Basta perguntar a um bom número de pessoas "qual é a sua idade?". Se muitas delas responderem "tenho X anos" quando, de fato, ainda não celebraram seu aniversário de X anos, então, claramente, é preciso esclarecer o significado de "ter X anos".

Mas não é isso o que ocorre. A esmagadora maioria das pessoas responde "tenho X anos" apenas após festejar seu aniversário de X anos.

O significado da expressão é claro e intuitivo. Não gera dúvidas.

Deparada com a pergunta "quantos anos tem o seu filho", nenhuma mãe faz contas - "peraí, ele nasceu em 2005, nós estamos em 2018, logo...". Não. Ela se lembra que seu filho já celebrou o aniversário de 13 anos e, portanto, tem 13 anos.

Mesmo quando uma criança está prestes a fazer um aniversário e mãe responde "ele vai fazer 13 anos esta semana", está claro para ela e para seu interlocutor que a criança tem 12 anos, pois ainda "vai fazer 13 anos".

Ninguém em completa posse de suas faculdades mentais diria "meu filho tem 12 anos porque faz aniversário este ano, daqui a seis meses".

Logo, fica patente que o uso corriqueiro e o significado da expressão "ter X anos" não representam qualquer tipo de problema.

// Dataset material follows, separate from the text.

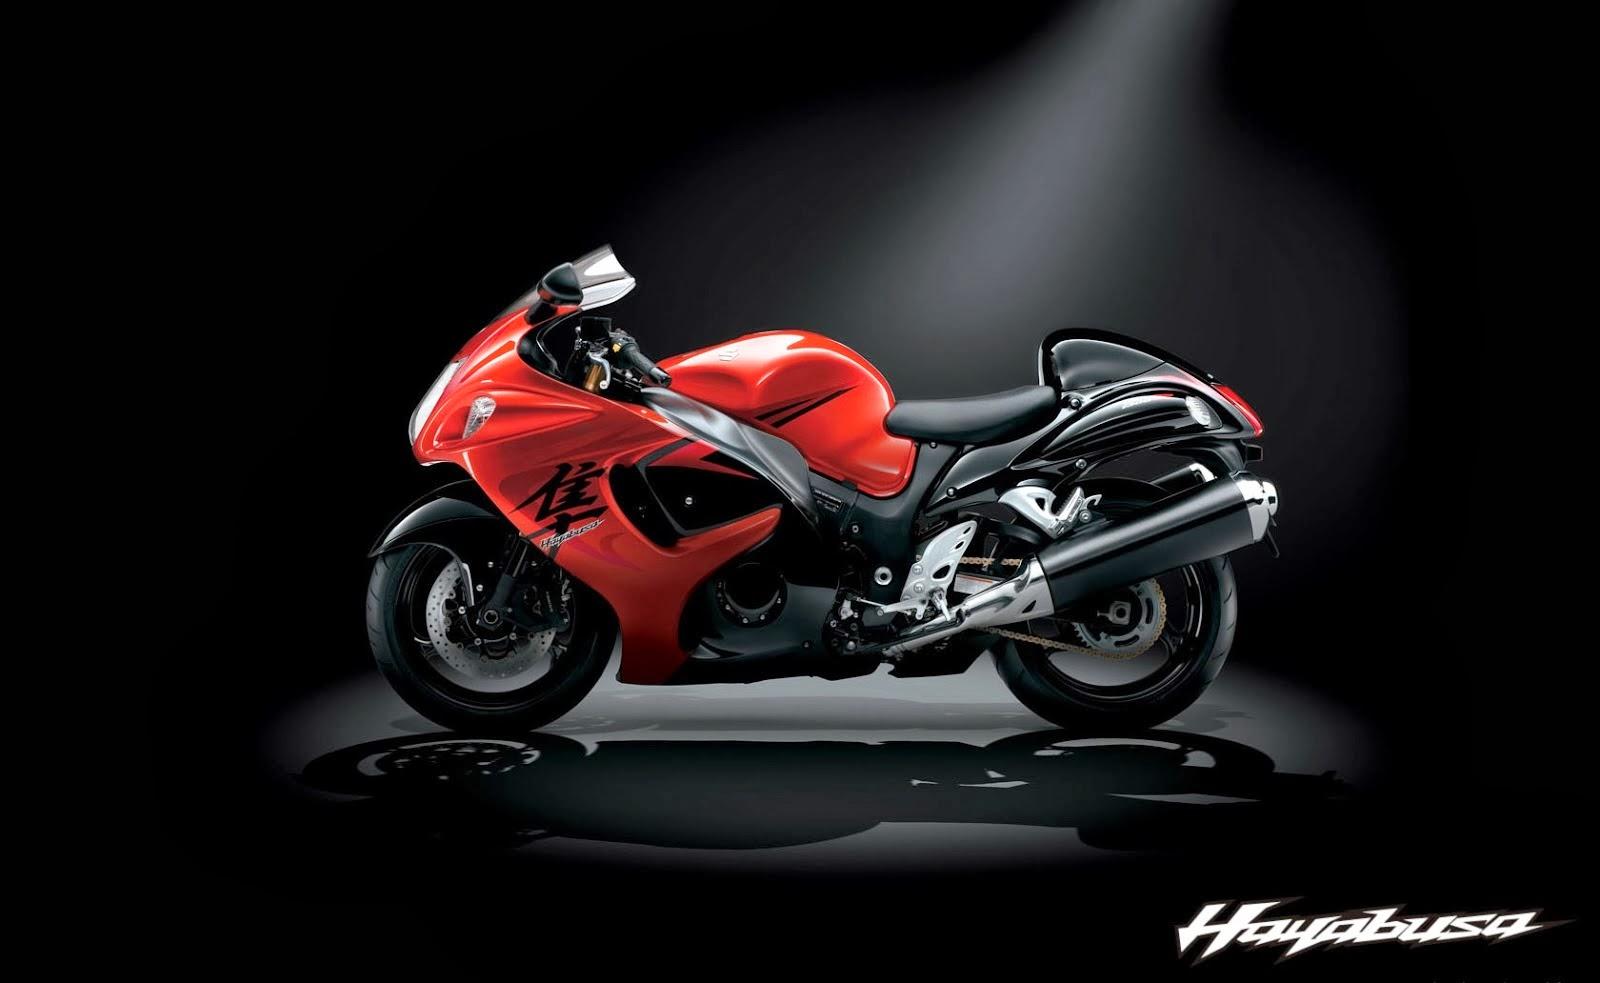 Motorcycle Racing On The Sand Suzuki Hd Desktop Mobile: HD WALLPAPERS: Download Suzuki Hayabusa Sports Bikes HD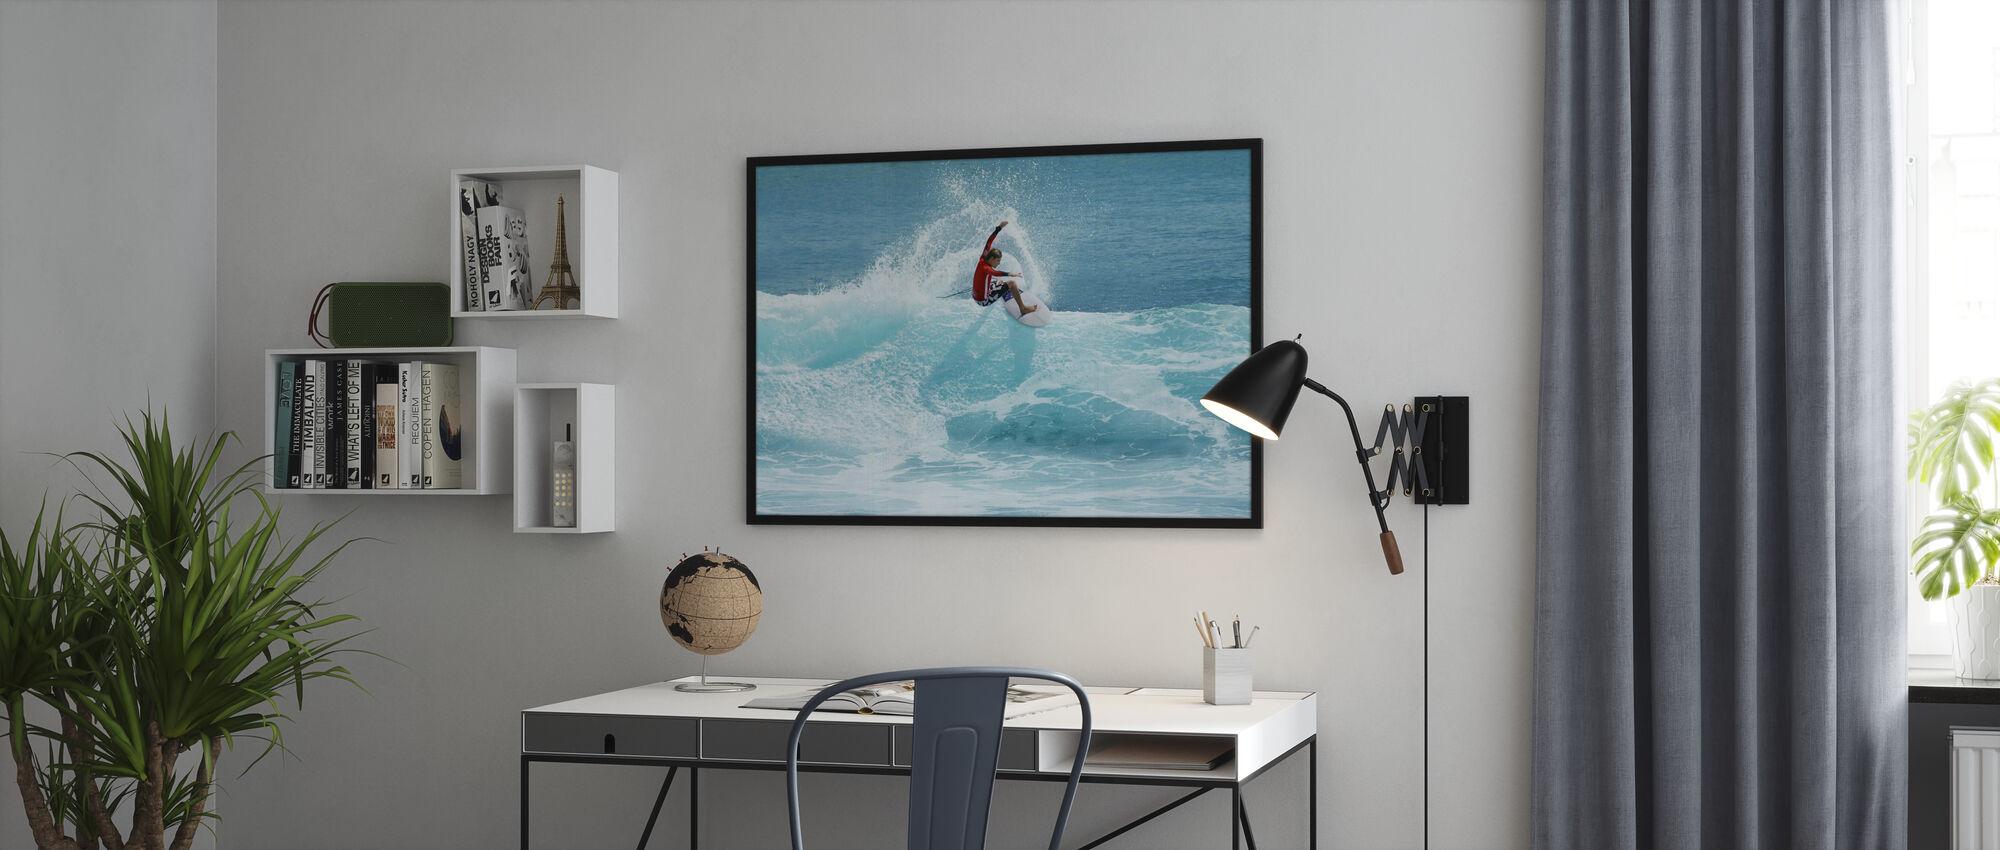 Surfer Carving Top of Wave - Poster - Büro

Por outro lado, também é fácil constatar a enorme confusão criada pelo ECA ao promover o uso - claramente desncessário - da expressão "X anos incompletos". Para isso, basta fazer uma rápida pesquisa online sobre dúvidas em relação à expressão.

As dúvidas surgem justamente porque se está alterando uma expressão corriqueira de significado claro e intuitivo. O leitor espera encontrar "até X anos", mas encontra "até Y anos incompletos" e indaga-se, naturalmente, o por quê da adjetivação. O que significa esse "incompletos"? Quando é que uma criança de 12 anos de idade irá "completá-los?"Ora,"imagina o leitor,"para se completar algo, é preciso que esse algo tenha sido iniciado. Logo, a criança já iniciou o período de 12 anos, ou seja, já tem 12 anos. Portanto, completará os 12 anos quando fizer 13".

Seja qual for a origem das inúmeras dúvidas (há outra corrente que afirma que a raiz do problema está no fato de normalmente contarmos a partir do 1 e não a partir do zero), temos dois fatos claros e indiscutíveis:

1. A expressão original não gerava dúvidas e era simples;
2. A nova expressão gera dúvidas e não agrega qualquer valor; pelo contrário, causa custos desnecessários.

Logo, o pessoal que redigiu o ECA deveria emitir uma errata e pedir desculpas ao povo brasileiro.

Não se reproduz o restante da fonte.